Женщина сказала, что туда нельзя.
— Я должна, — начала было Кэсси, но Сай сильно сжал ей руку и быстро заговорил:
— Мэм, я живу в округе Кардуэлл. Я плачу налоги, я участвую в выборах. Я голосовал за Тимоти Дэтвайли, и я горжусь этим. Мы приехали издалека, и мы только хотим поглядеть, где он работает и где он живёт.
— Вот как! — сказала молодая женщина. — Он живёт за городом. Вы знаете, где Кэртисвуд Лэйн?
— Нет, мэм, — ответил Сай. — Но вы мне объясните, я уверен, что найду.
Она объяснила.
Было уже темно. В большом доме, стоявшем в конце длинной аллеи, горел свет. На стук вышел огромный негр в белом пиджаке.
Он сказал, что губернатор и миссис Дэтвайли уехали на обед и он не знает, когда они приедут, но губернатор велел его не ждать, потому что он вернётся поздно.
Кэсси заплакала. Негр добавил, что не знает, где они обедают, и никто не знает. По крайней мере никто из тех, кого знает он.
Негр терпеливо ждал, а Кэсси плакала. Наконец Сай повёл её к машине. Они издали услышали, как солидно щёлкнул замок массивной двери губернаторского дома.
В машине Кэсси продолжала плакать, опустив голову на колени. Он включил мотор.
Выехали на дорогу, набрали скорость. Кэсси подняла голову. По лицу её проносились блики от фар встречных машин. Когда они наконец выбрались на шоссе, ведущее на запад, она сказала:
— Ты знаешь, что я буду теперь делать
— Нет.
— Всю свою жизнь я буду рассказывать об этом людям. Чтобы перед смертью хоть кого-нибудь заставить поверить мне.
— Я верю тебе.
— Ты не знаешь самого ужасного, — продолжала она. — Иногда я и сама не верю, что могла это сделать. Тогда я смотрю на себя в зеркало и повторяю: «Это сделала я», повторяю, пока не замечу, что лицо у меня стало белое как смерть; тогда уж я знаю, что лицо в зеркале начинает мне верить.
Он пытался не слушать. Но она все говорила:
— И тогда уж можно идти спать. Как увижу, что лицо в зеркале мне верит, сразу иду спать, потому что знаю, что теперь я смогу заснуть.
Он старался не слушать.
— Ты что, не слушаешь меня? — спросила она.
— Слушаю, — ответил он.
Она молчала, пока они не миновали западную гряду холмов.
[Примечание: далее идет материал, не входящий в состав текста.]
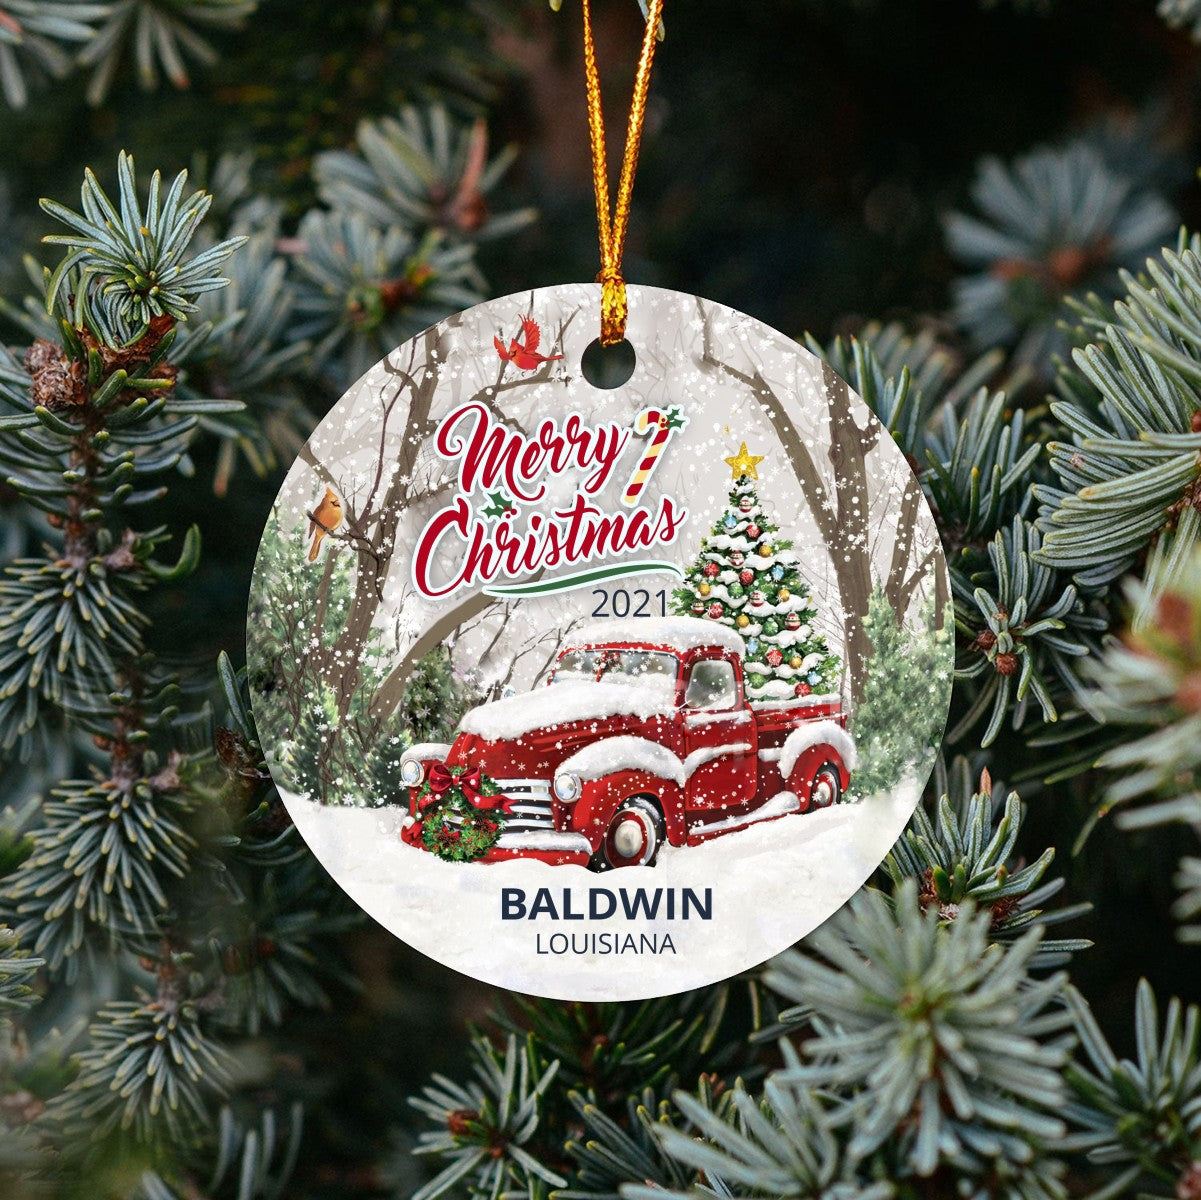 Christmas Tree Ornaments Baldwin - Ornament With Name City, State Baldwin Louisiana LA Ornament - Red Truck Xmas Ornaments 3'' Plastic Gift For Family, Friend And Housewarming
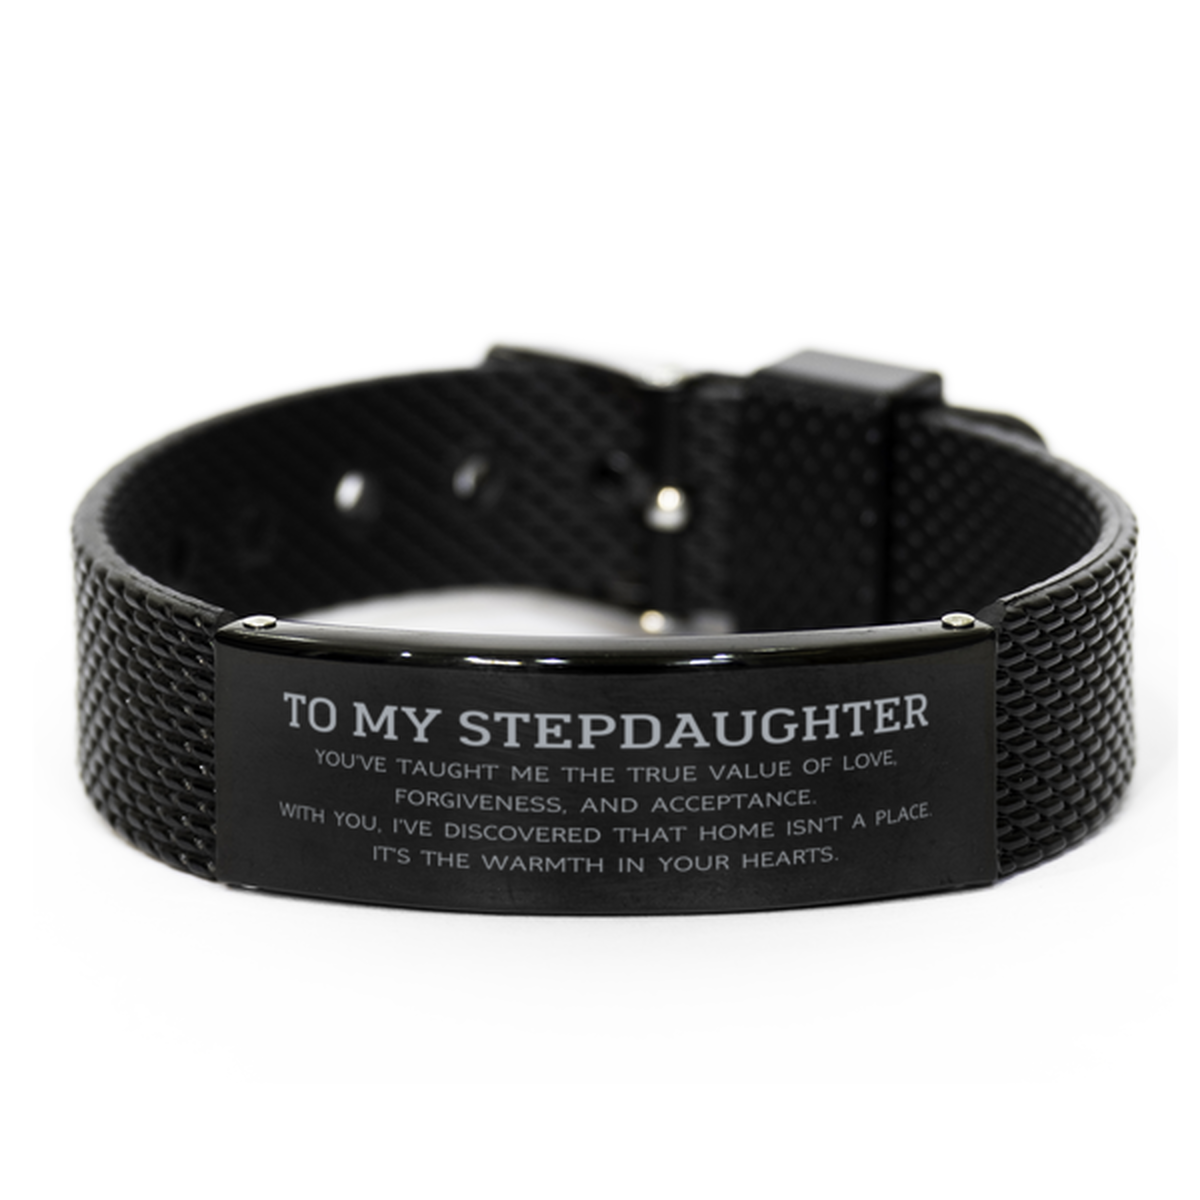 To My Stepdaughter Gifts, You've taught me the true value of love, Thank You Gifts For Stepdaughter, Birthday Black Shark Mesh Bracelet For Stepdaughter

А потом она засмеялась. Буквально закатилась от смеха. И вдруг перестала.
— О, какая я оказалась предусмотрительная. Я все продумала. Я ведь так и рассчитывала, что они схватят Анджело и убьют его, — ведь он тогда запер дверь и мне пришлось лечь на пол у запертой двери, в темноте, и…
— Я не намерен тебя слушать.
— Как я все толково устроила! Обдумала каждую деталь, даже не забыла перерезать телефонный шнур.
На юге взошла луна, и свет её падал на дорогу, белую, точно кость. Он старался слушать только рокот мотора. Но не слышать было нельзя.
— И все сбылось, всё, что я задумала. Это самое страшное, потому что все мои желания исполнялись как в сказке, только в сказке у тебя есть ещё последнее желание, чтобы сделать все опять как было. Сперва я пожелала, чтобы поверили в ложь, поверили, что сделал это Анджело, — и вот моё желание сбылось, ложь стала правдой, а теперь я хочу, чтобы поверили в настоящую правду, но…
— Сядь удобнее, — приказал он, — закрой глаза.
— Я и с закрытыми глазами вижу, что они с ним сделают.
Тем не менее она послушалась и долго лежала расслабившись, запрокинув голову на спинку сиденья, а машина ехала в потоке света, холодного и белого, как фосфор. По обе стороны чернели холмы, и с них к белой, как кость, полосе шоссе стекали чернильно-чёрные массивы леса, так что несущаяся по шоссе машина словно плыла над озёрами тьмы. Руки Кэсси безжизненно свисали. Открытые ладони были обращены кверху. На поворотах её голова медленно покачивалась на спинке сиденья.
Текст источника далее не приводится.